My book club just read “Ghosty Men” by Franz Lidz, the true story of the Collyer brothers, notorious New York hoarders. Homer and Langley Collyer lived in a Harlem mansion, purchased when that was a fashionable area of the city, and became hoarding hermits whom their neighbors called The Ghosty Men. Homer lost his eyesight and was “paralyzed with rheumatism” and stopped leaving the house altogether. Langley would only leave the house late at night and would walk all over the city picking up trash and left over food. Despite having plenty of money, he begged for left over bread and meat in stores all over the city. Their house was full of literally tons of junk (over 100 tons removed after their deaths) including multiple pianos, cars, chandeliers and stacks and stacks of newspapers. (so Homer could catch up on the news when his eyesight returned)

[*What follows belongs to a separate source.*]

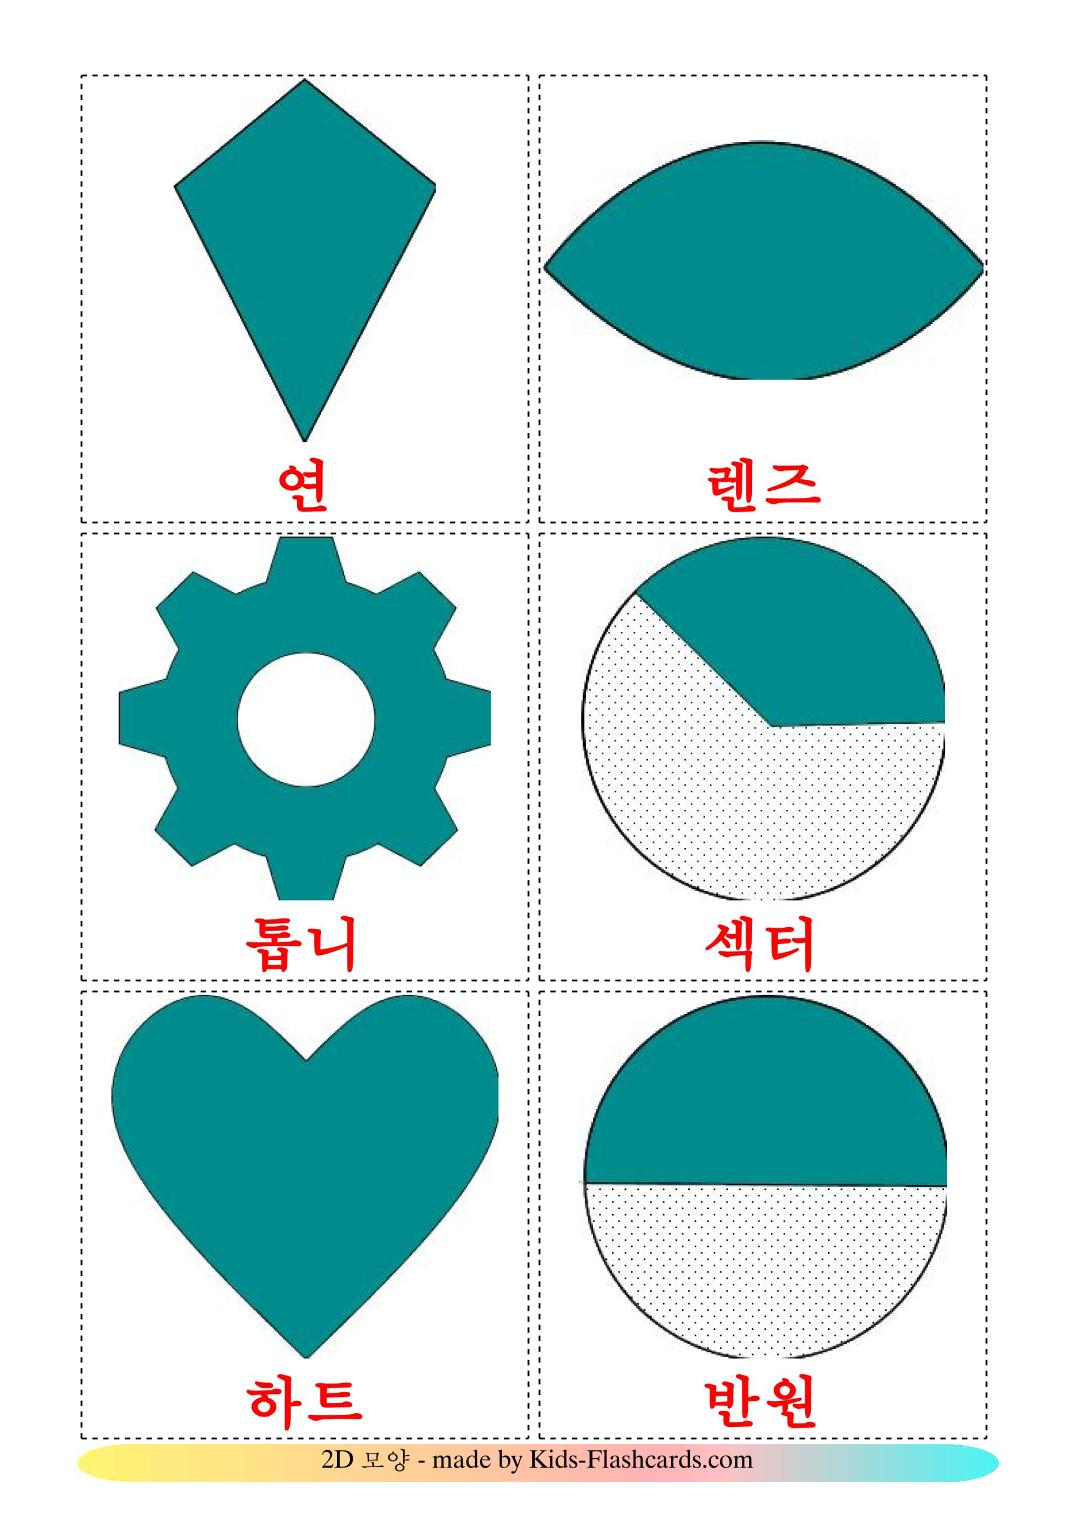 Formas 2D - 35 Flashcards coreanoes gratuitos para impressão
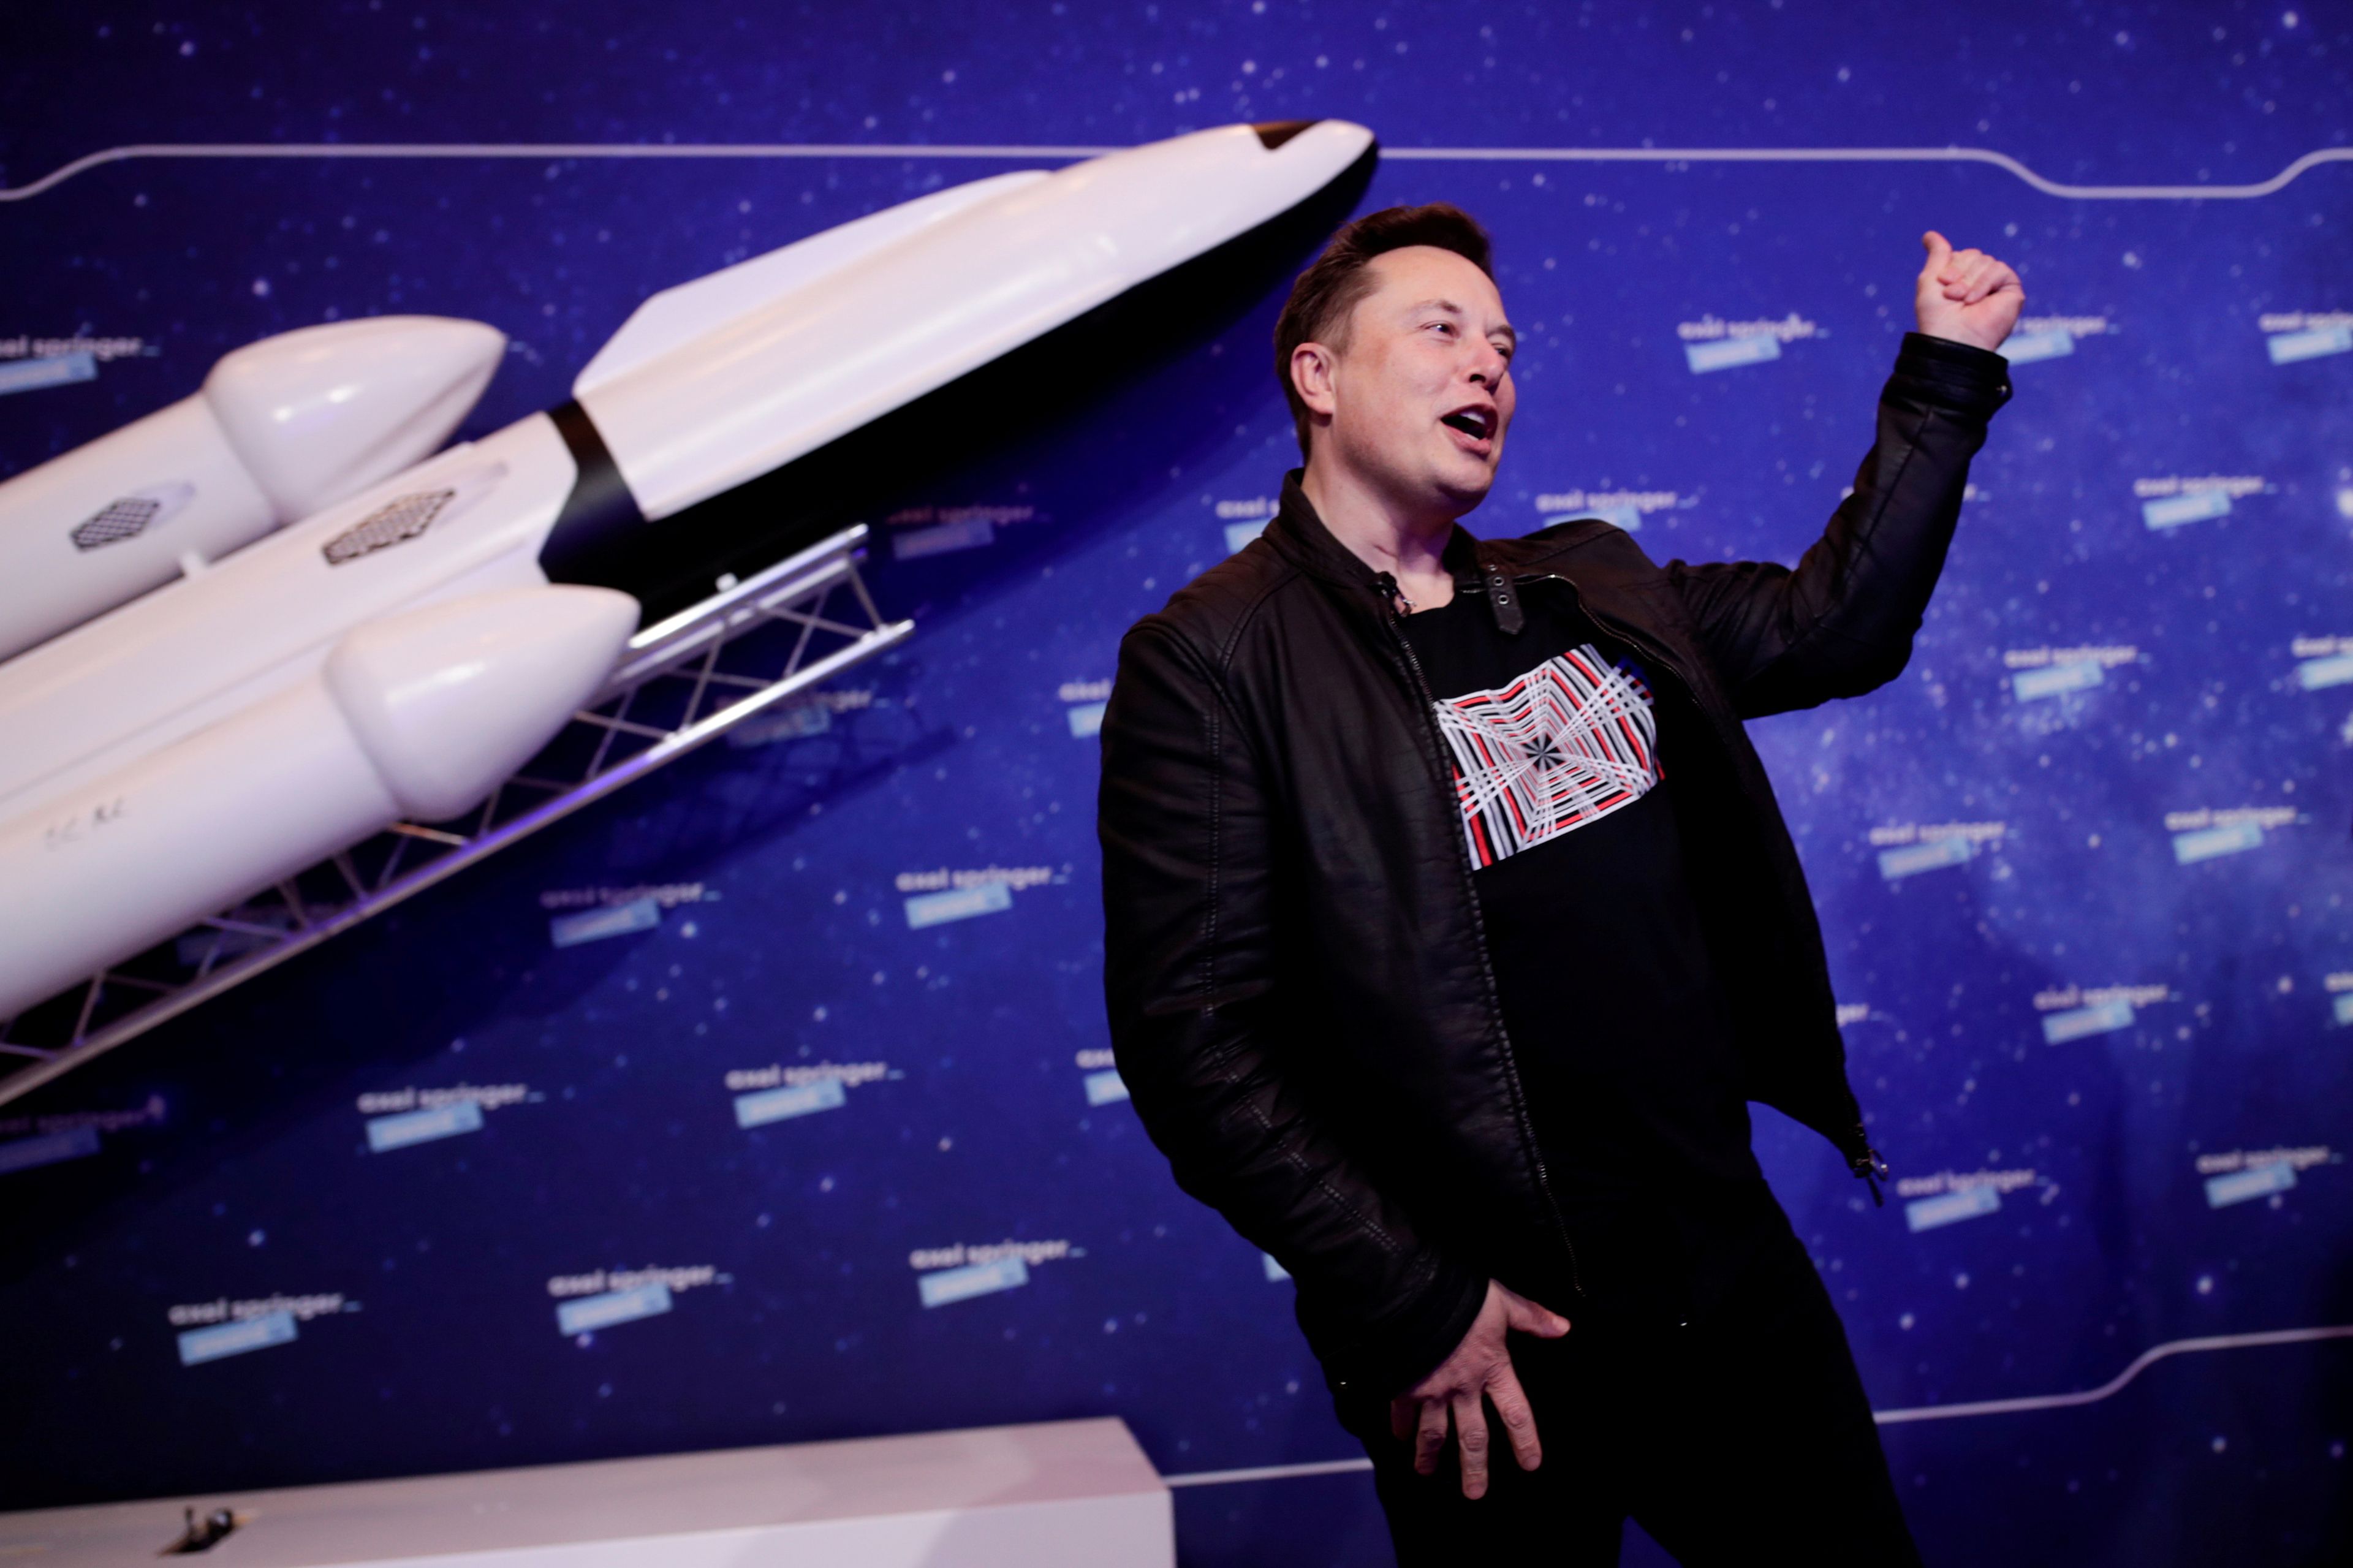 6 secretos de Elon Musk para alcanzar el éxito: olvídate del dinero, persigue tus pasiones y diviértete

Langley took care of his brother, including supplying him with the 100 oranges a week they thought would restore Homer’s sight, until he died, crushed under a junk booby-trap of his own making. Once Langley died, Homer slowly starved to death. The brothers had no phone, no electricity, no heat, just each other. Now that’s dedication.
I loved Eric, I think we were pretty close, but I’m not sure I could match that kind of sibling care. I think I would actually take Eric to a doctor instead of inventing my own dubious cures and I hope I would get him help if he developed a compulsive hoarding disorder.
Neither brother ever married, their whole lives were wrapped up in each other. I think my relationship with Eric was healthier, even if no one will write a book about us and crowds of New Yorkers will not gather outside our residences to gawk. I think that’s a good thing.